With the last two changes, the series depends on these:
* The C-state table update for Sapphire Rapids in linux-pm [3].
* The update of the x86 opcode map in the tip's branch [4].

The series on top of the above is available here:
git://github.com/intel/amx-linux.git tilerelease

Thanks,
Chang

[1]: Intel Architecture Instruction Set Extension Programming Reference
May 2021, https://software.intel.com/content/dam/develop/external/us/en/documents-tps/architecture-instruction-set-extensions-programming-reference.pdf
[2]: https://lore.kernel.org/lkml/[email protected]/
[3]: https://git.kernel.org/pub/scm/linux/kernel/git/rafael/linux-pm.git/commit/?h=linux-next&id=9edf3c0ffef0ec1bed8300315852b5c6a0997130
[4]: https://git.kernel.org/pub/scm/linux/kernel/git/tip/tip.git/commit/?h=x86/misc&id=9dd94df75b30eca03ed2151dd5bbc152a6f19abf

Chang S. Bae (2):
x86/fpu: Add a helper to prepare AMX state for low-power CPU idle
intel_idle: Add a new flag to initialize the AMX state

arch/x86/include/asm/fpu/api.h | 2 ++
arch/x86/include/asm/special_insns.h | 9 +++++++++
arch/x86/kernel/fpu/core.c | 15 +++++++++++++++
drivers/idle/intel_idle.c | 18 ++++++++++++++++--
4 files changed, 42 insertions(+), 2 deletions(-)

--
2.17.1


2022-03-10 07:07:30

by Chang S. Bae

[permalink] [raw]
Subject: [PATCH v2 1/2] x86/fpu: Add a helper to prepare AMX state for low-power CPU idle

When a CPU enters an idle state, non-initialized states left in large
registers may be the cause of preventing deeper low-power states.

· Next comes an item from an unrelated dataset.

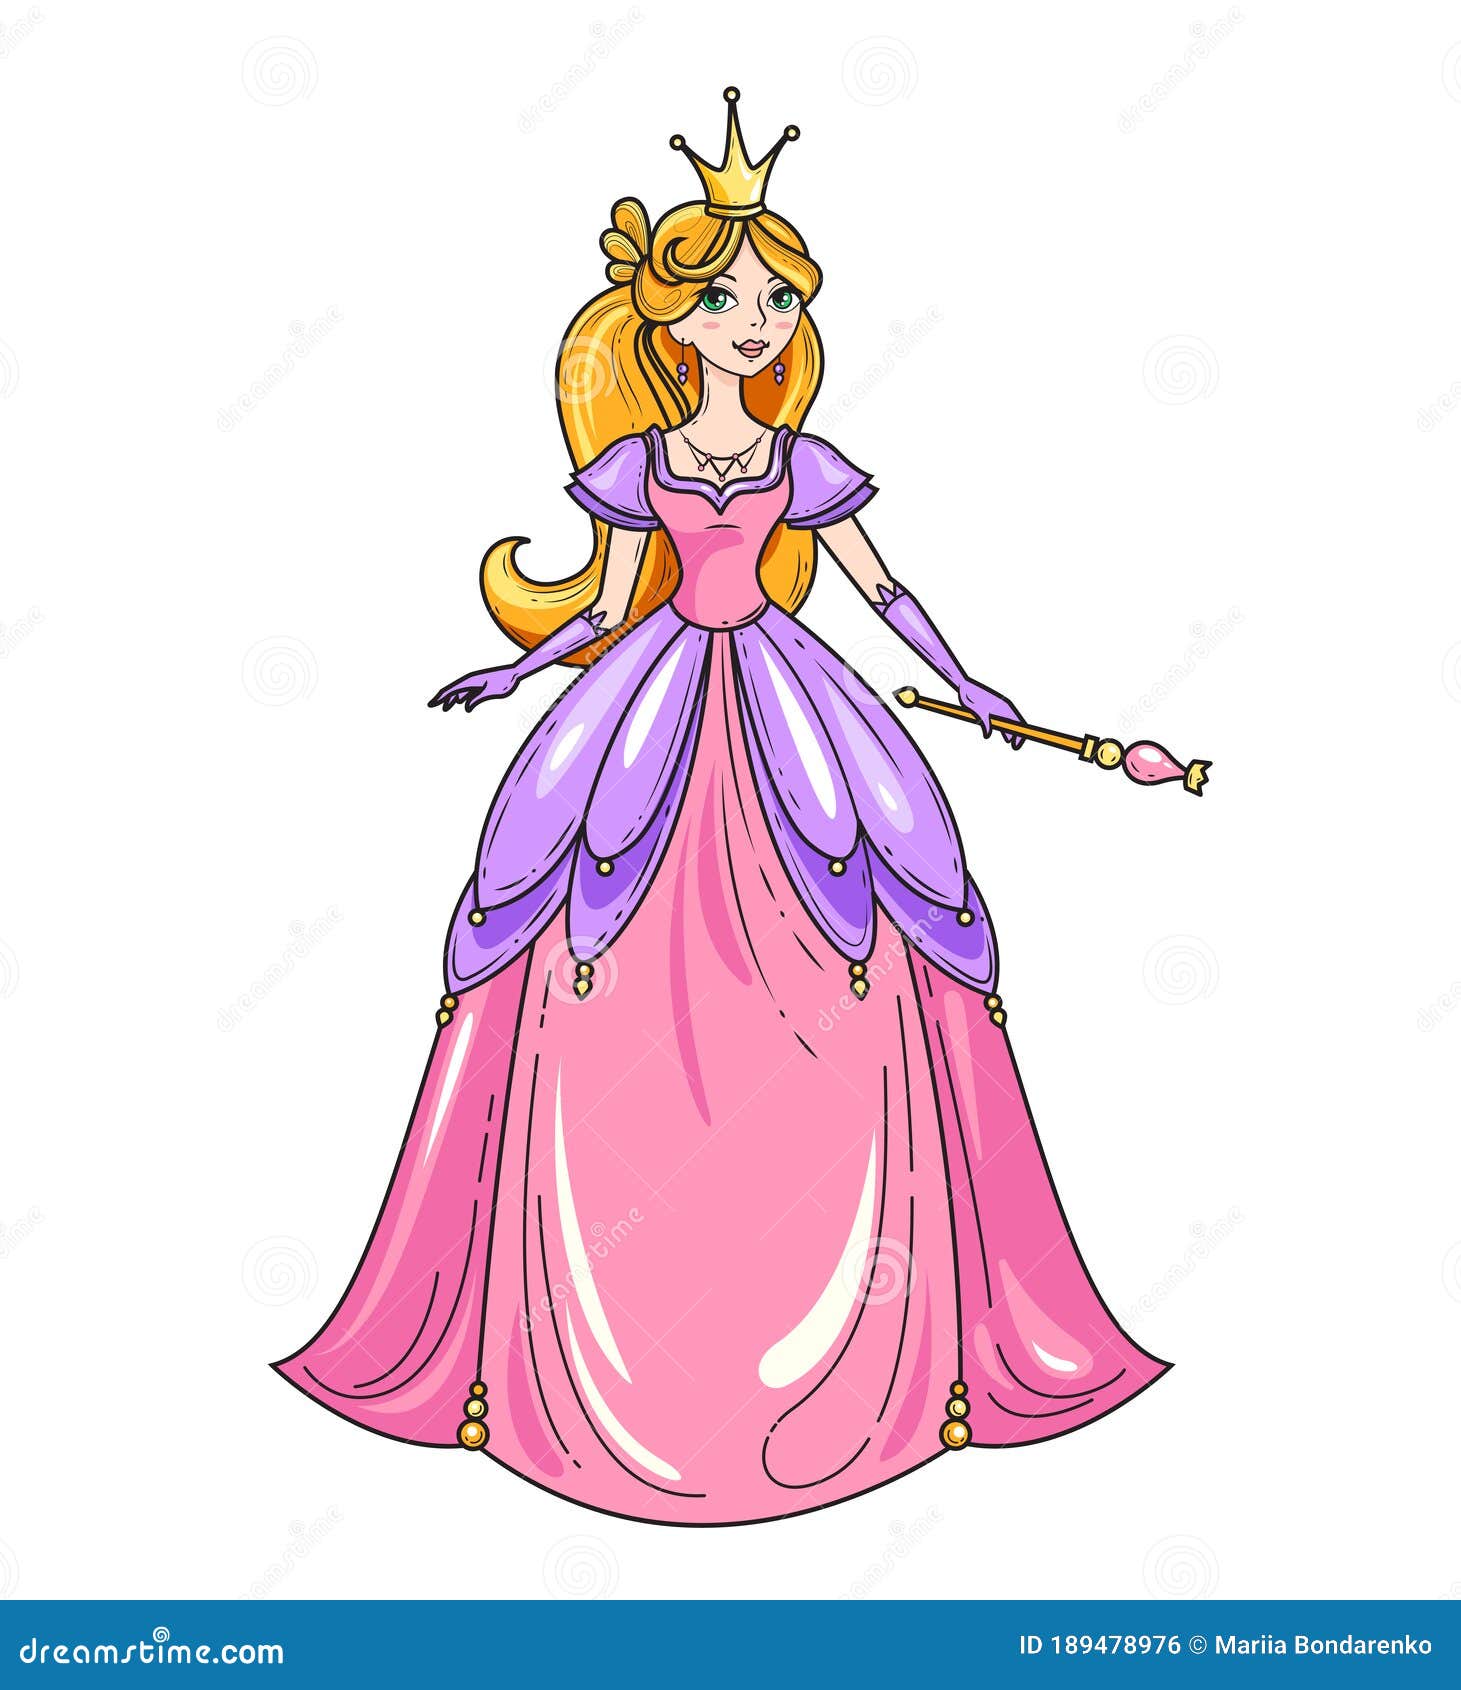 Princess Standing in Beautiful Dress with Magic Wand. Charming Fairy Tale  Girl Stock Vector - Illustration of fashion, cute: 189478976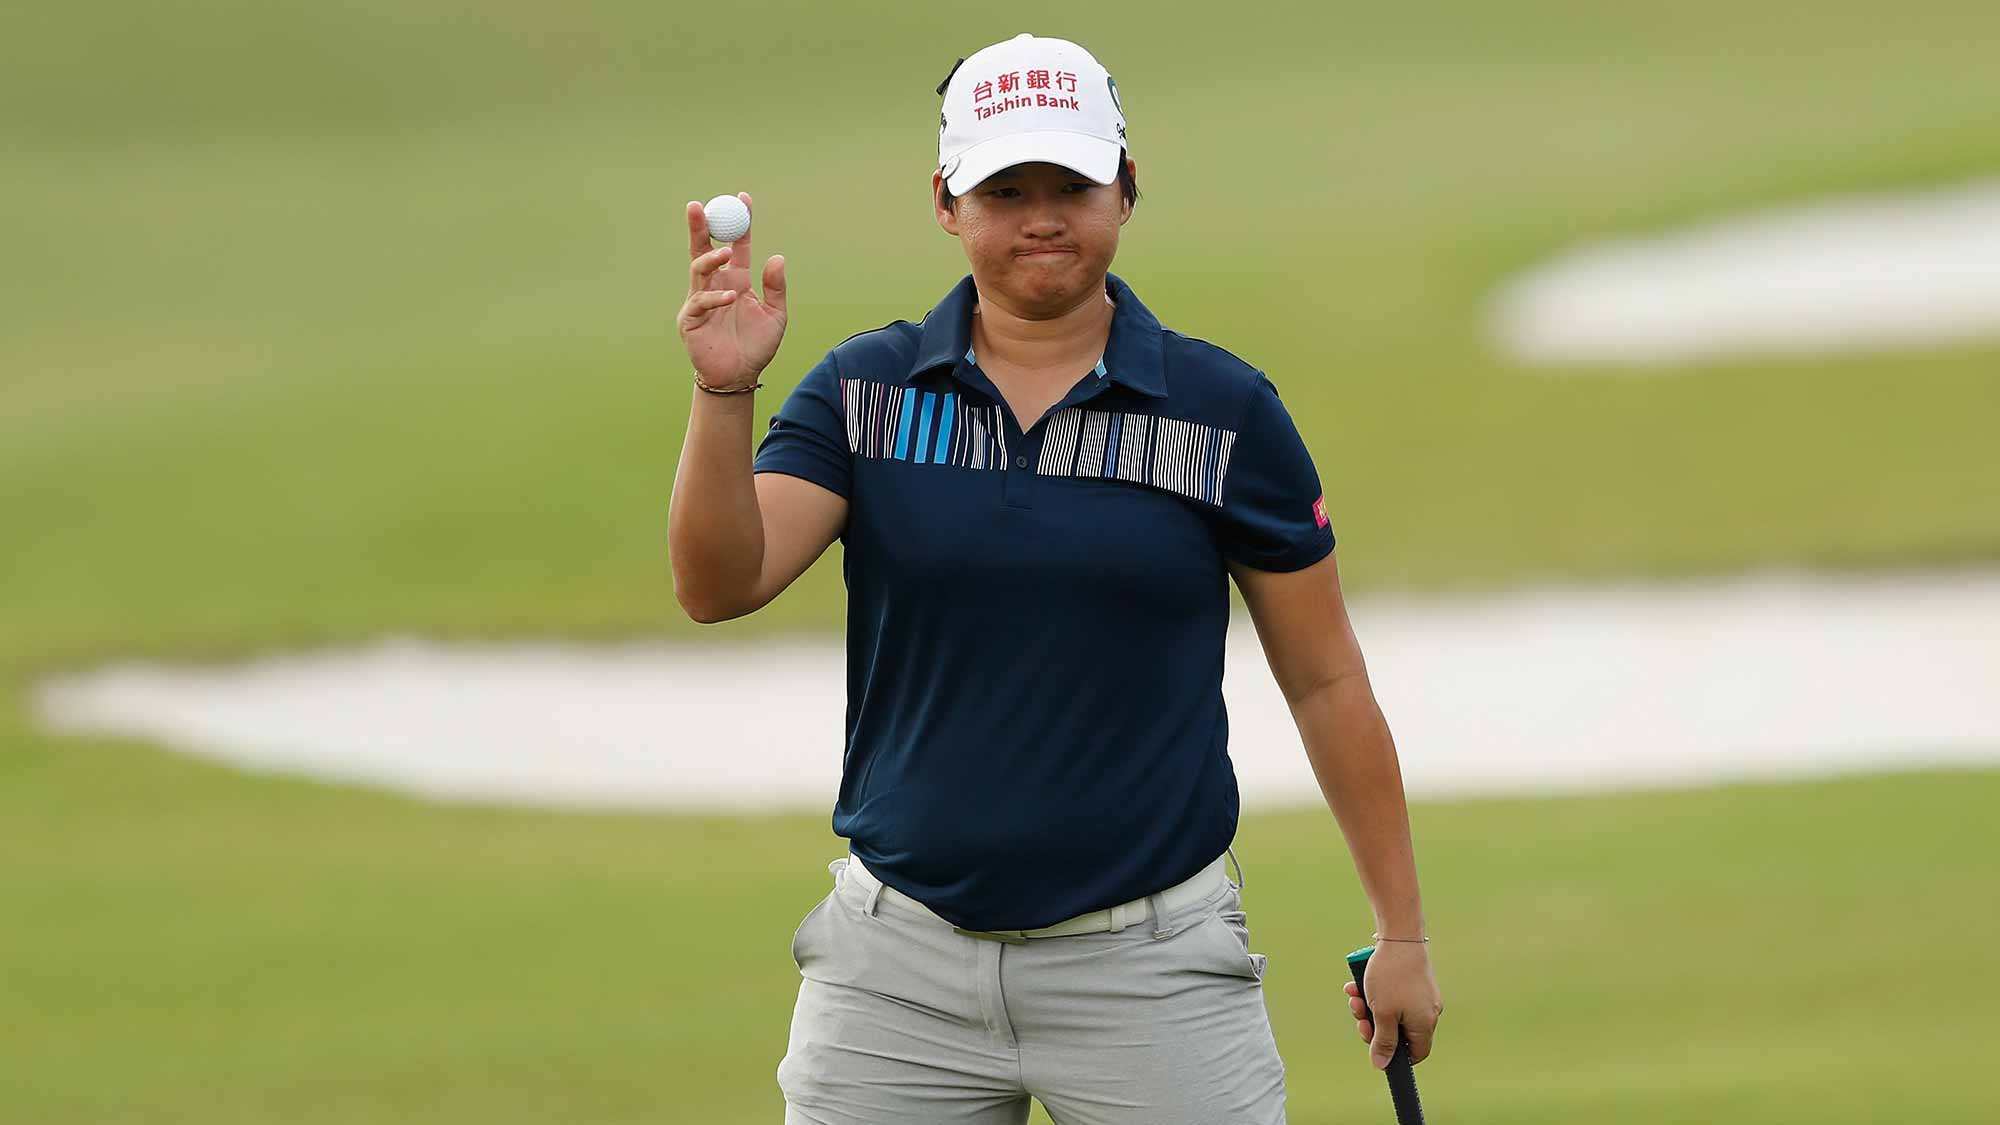 Yani Tseng of Chinese Taipei reacts at the fifteen hole during the first round of the Swinging Skirts LPGA Taiwan Championship at Ta Shee Golf & Country Club on October 25, 2018 in Taoyuan, Chinese Taipei

The new helper ensures the AMX state is initialized to make the CPU
ready for low-power states. It will be used by the intel idle driver.

Signed-off-by: Chang S. Bae <[email protected]>
Cc: [email protected]
Cc: [email protected]
---
Changes from v1:
* Check the dynamic state flag first, to avoid #UD with XGETBV(1).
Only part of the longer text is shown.